The long-term median forecast for the federal funds rate in the September economic forecast summary has risen for the third consecutive quarter, approaching 3%. This is considered the committee's collective estimate of the neutral rate, with most economists estimating the neutral rate to be around 3%.
Atlanta Federal Reserve President Bostic said, "There is much debate about the neutral rate level in the United States and elsewhere. However, the disagreement on the true neutral level is not important to me. Regardless of what the neutral rate is, I don't know who would reasonably argue that we are far from it."
Overall, FOMC members expect to achieve a soft landing. The median forecast in the September economic forecast summary shows that the actual GDP growth rate will be 2% annually until 2027, with a peak unemployment rate of only 4.4%.
Not all Federal Reserve officials believe that the task of fighting inflation is complete. Federal Reserve Governor Bowman cast the only dissenting vote on September 18, leaning towards a 0.25% rate cut.
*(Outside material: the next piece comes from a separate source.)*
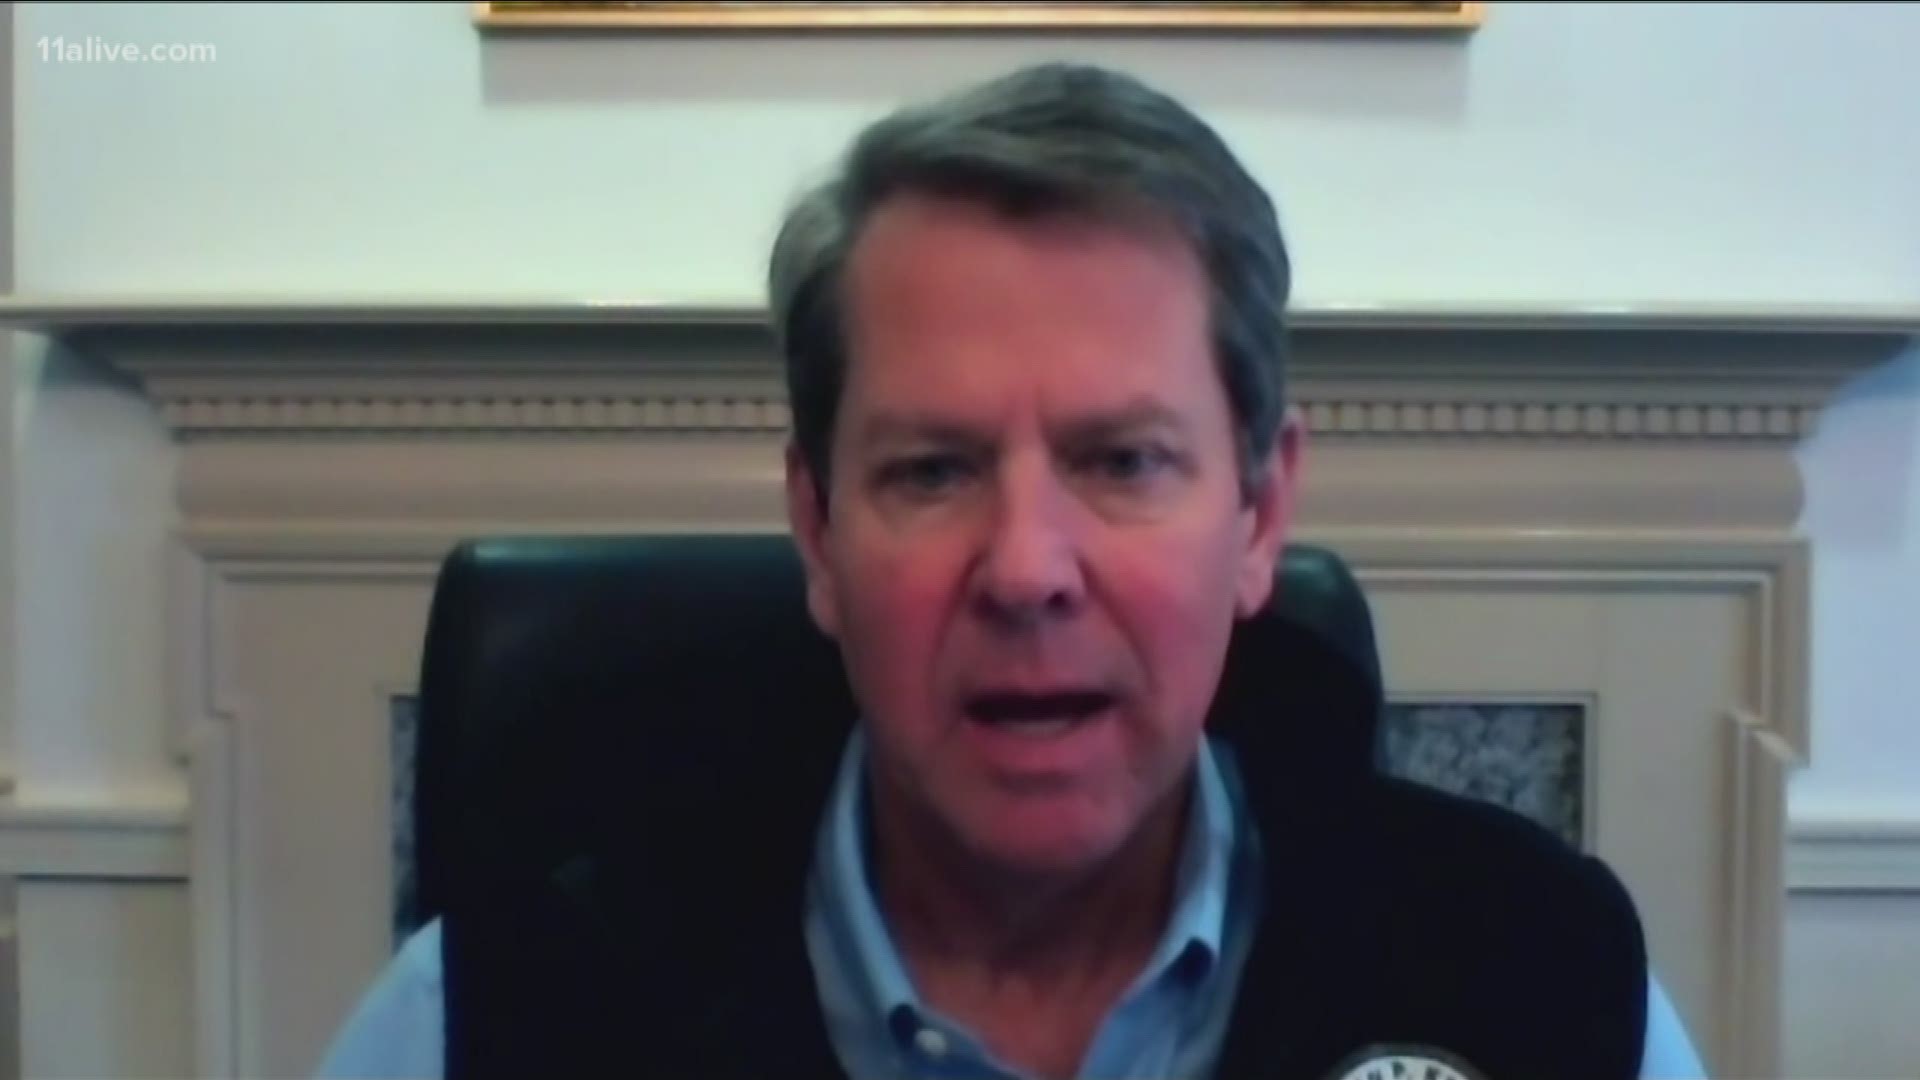 Georgia Governor Brian Kemp's office said his statement is based on the unavailability of tests early-on as the virus spread.
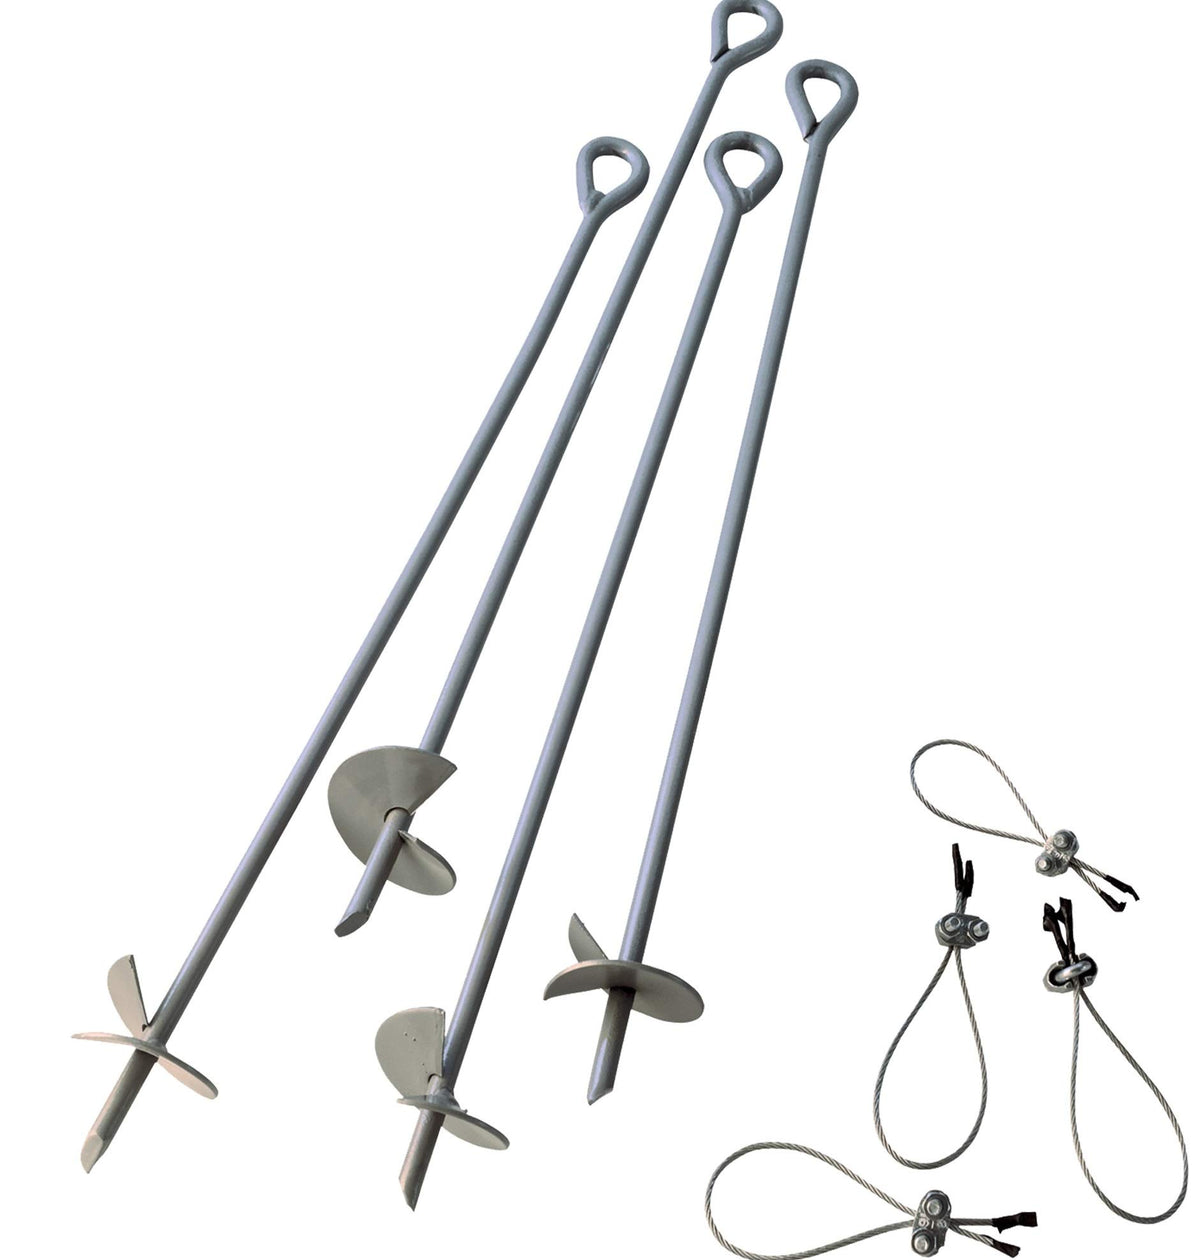 4pc 30" Earth Auger Anchor Kit w/ 4 Clamp-on all steel

She mentioned the risks of an inflation rebound in the coming months.
Bowman said on Tuesday, "In my view, the upside risks to inflation remain prominent, with global supply chains still vulnerable to labor strikes and escalating geopolitical tensions, which could lead to inflationary effects in food, energy, and other commodity markets. Expansionary fiscal spending could also bring inflation risks, given the long-standing supply constraints, especially as demand for affordable housing increases, which could also pose inflation risks."
The next FOMC meeting will be held on November 6th and 7th, just a few days after the U.S. election.
Matthew Luzzetti, Chief U.S. Economist at Deutsche Bank, wrote on Wednesday, "While the overall picture of the data is always important, the newly released labor market data will need to provide greater confidence to confirm the Federal Reserve's trend towards stabilization."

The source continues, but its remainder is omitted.